Friday, April 30, 1999

UC defends human research


Patients told not to worry about reporting methods

BY TIM BONFIELD
The Cincinnati Enquirer

        Patients in clinical trials should not be concerned about memos that describe researchers failing to follow reporting requirements, the University of Cincinnati Medical Center says.

        However, a national mental health consumer group contends the documents illustrate a fundamental weakness in the way many research centers, not just UC, watch over medical experiments on human subjects.

        On Wednesday, The Cincinnati Enquirer reported Dr. Harry Rudney, co-chairman of UC's Institutional Review Board (IRB), recently sent two memos to all clinical researchers. (Wednesday story)

        One focused on researchers failing to properly report “adverse events,” including deaths, involving study participants. The other focused on concerns that studies were being carried out without seeking required review and approval from the IRB.

        “It has become increasingly apparent that adverse event/death reports are not always being filed with the IRB in a timely manner, and in some instances not at all,” Dr. Rudney wrote Dec. 4.

        In a prepared statement issued Wednesday, the UC Medical Center wrote: “Deaths certainly did not go unreported. The deaths that did occur were not related to the study treatment and were reported to the IRB.”

        The study in question involved giving nitric oxide to patients in acute respiratory distress to help them breathe. Doctors describe the treatment as a late-stage effort to help people for whom other treatments had failed.

        Researchers say they were not informed immediately that some patients who received the treatment died weeks or months after leaving the hospital. When they found out, the deaths were included in an annual progress report.

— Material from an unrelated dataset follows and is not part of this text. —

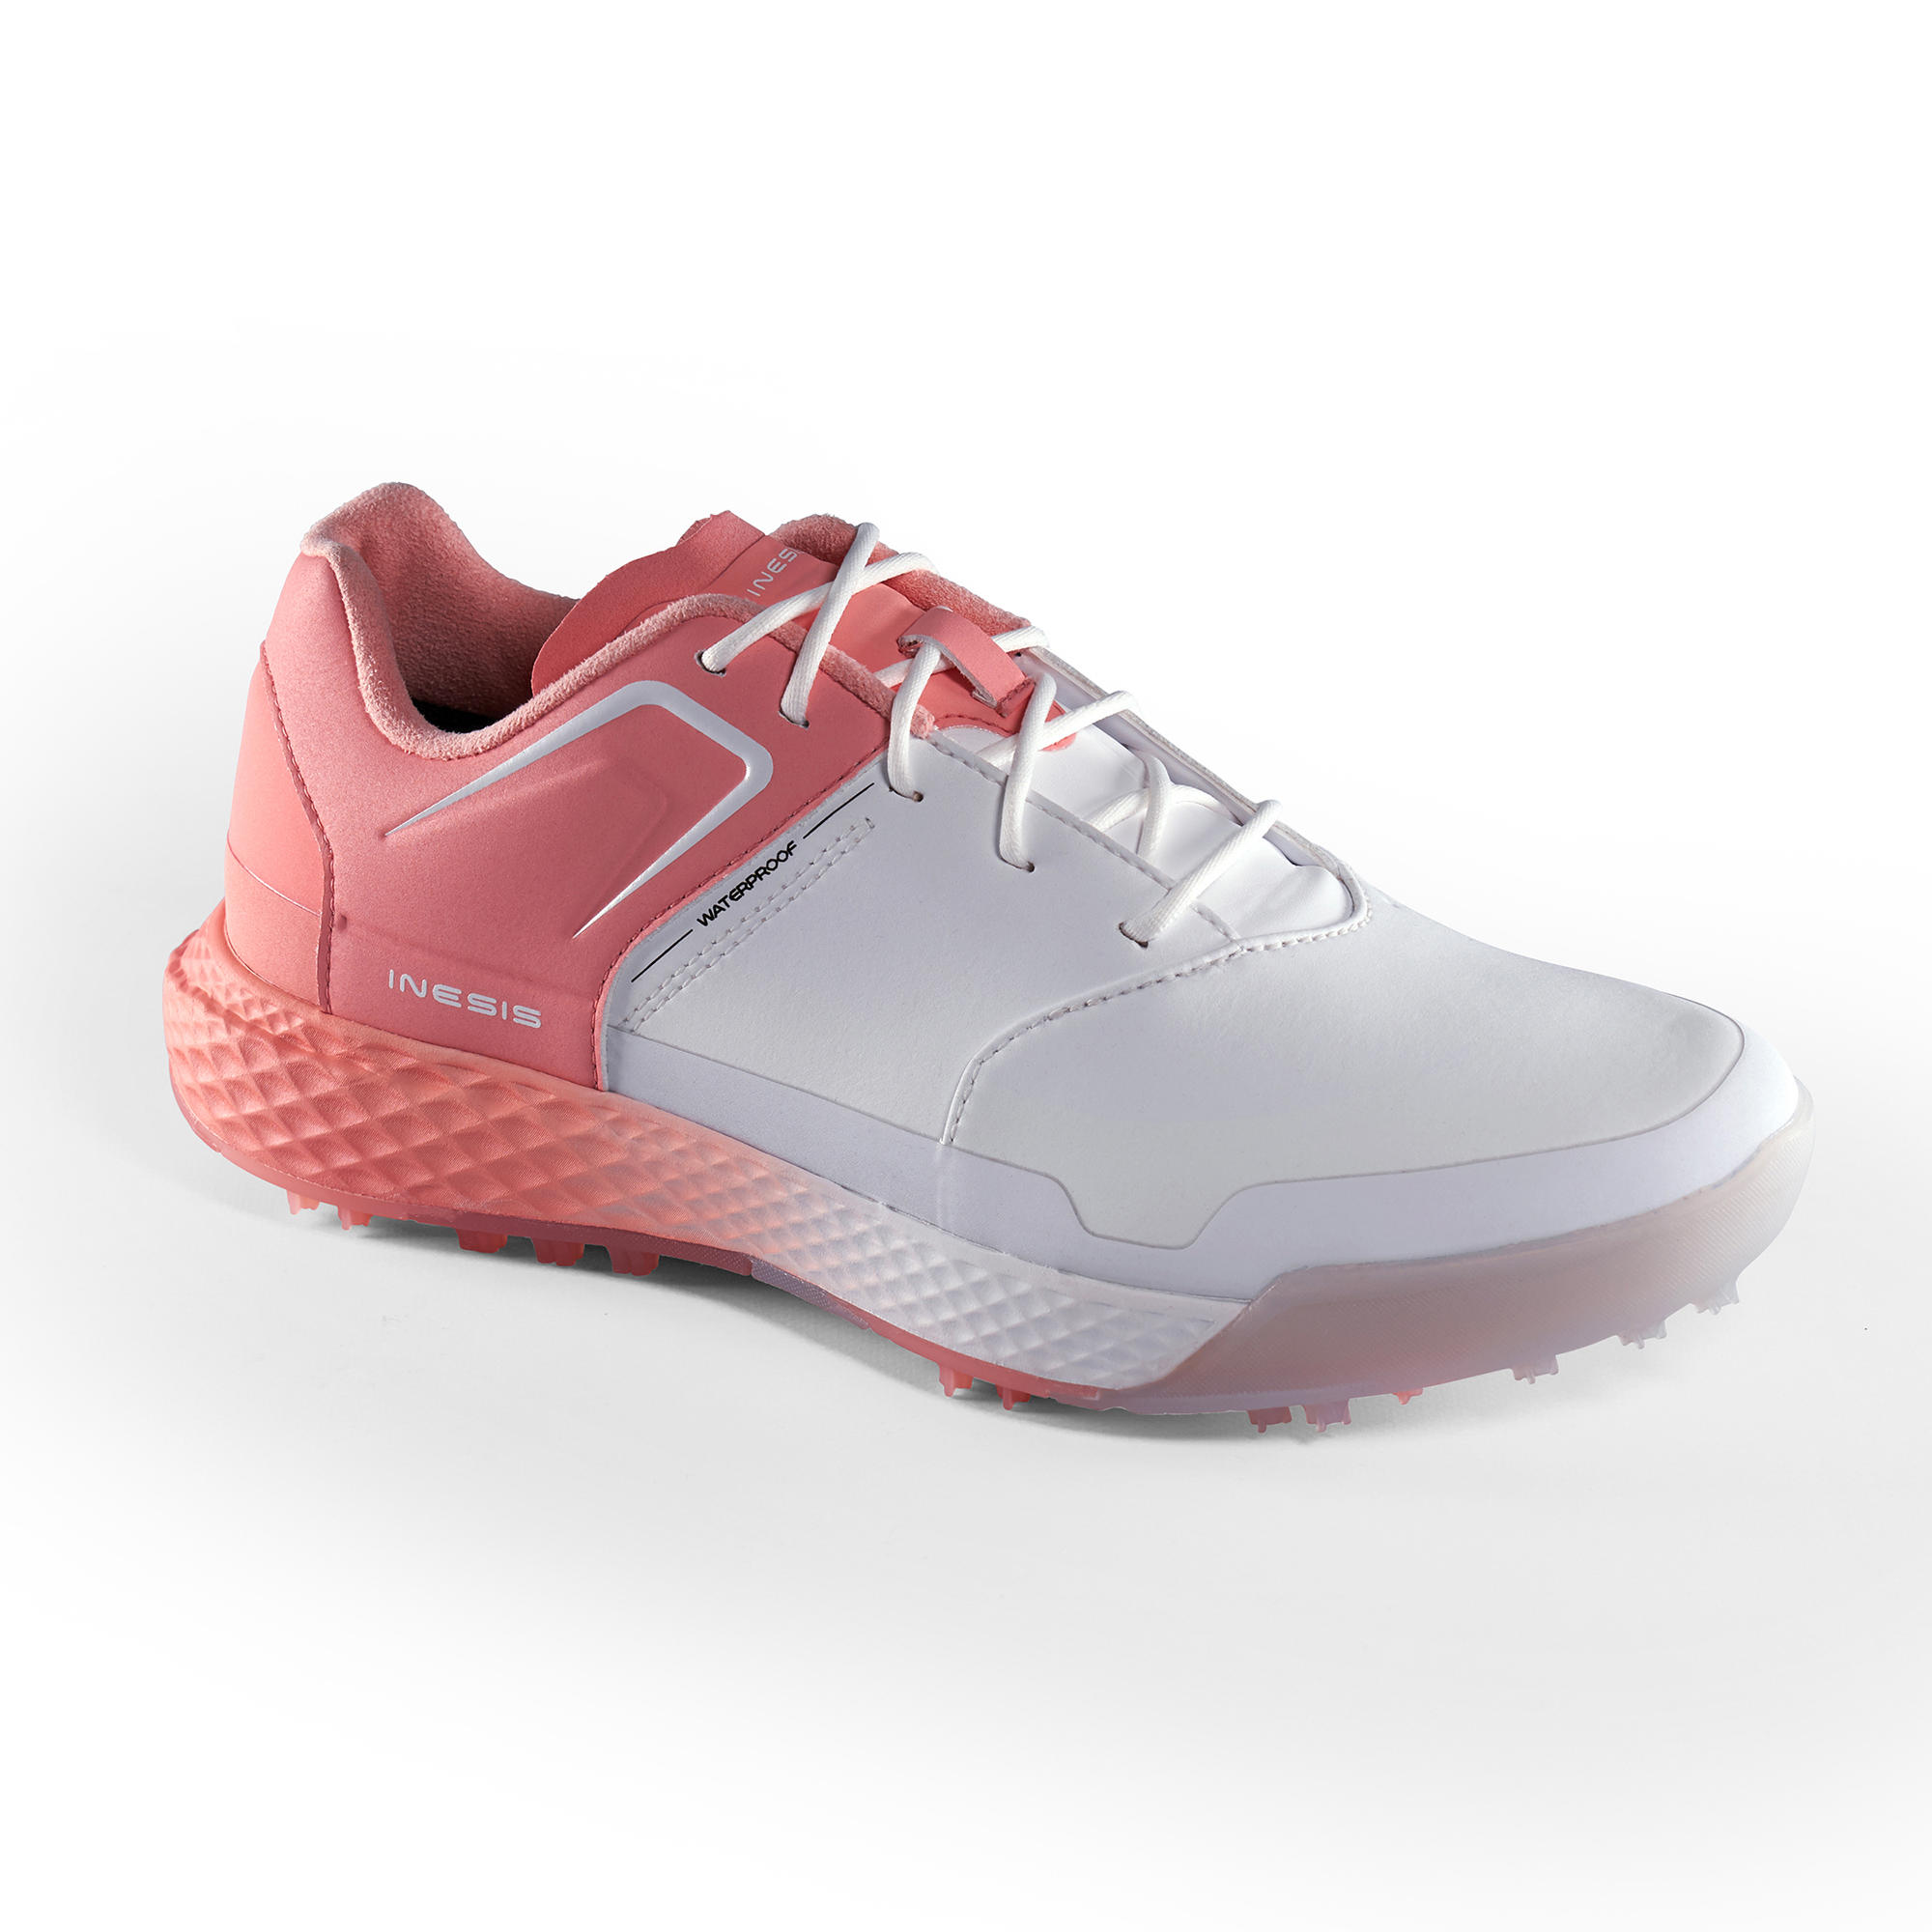 LADIES GRIP WATERPROOF GOLF SHOES WHITE AND PINK 1/13
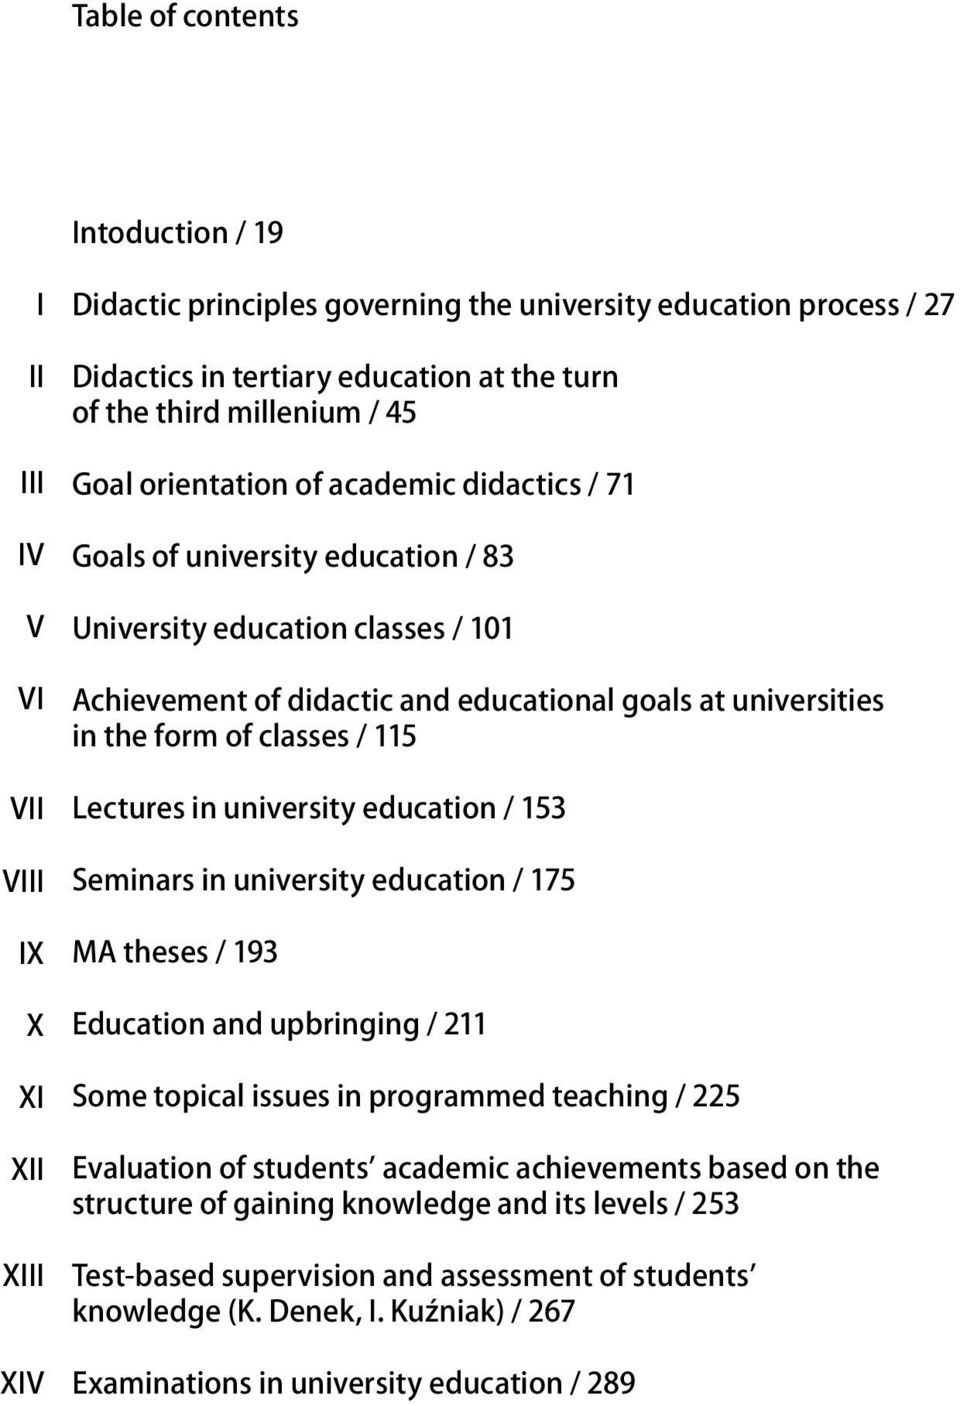 universities in the form of classes / 115 Lectures in university education / 153 Seminars in university education / 175 MA theses / 193 Education and upbringing / 211 Some topical issues in

        However, Dr. Rudney's memo states IRB staff members discovered the researchers never filed adverse event reports for some of those deaths, as required by federal regulations, even if the deaths are not related to the research.

        Dr. Irwin Light, who sits on UC's IRB and is chairman of a similar IRB at Children's Hospital Medical Center, said the memo reflects a continuing problem many researchers have with the adverse event reporting system.

        While it is crucial to report unexpected reactions and problems with an experimental drug, Dr. Light said the system also requires reports on completely unrelated problems that happen to patients.

        Dr. Light recalled a Children's Hospital researcher who was required to file an adverse event report for a patient in a clinical trial, even though the child broke an arm falling off a horse.

        “Reporting of adverse events generates ... a sea of paperwork. The entire country is wrestling over how to deal with appropriate reporting,” Dr. Light said.

        All the paperwork may be annoying, but without the reports it would be too easy for researchers to cover up or minimize problems with new medications, said Vera Shirav, president of Citizens for Responsible Care & Research, a New York consumer group that claims many patients are being abused in clinical trials.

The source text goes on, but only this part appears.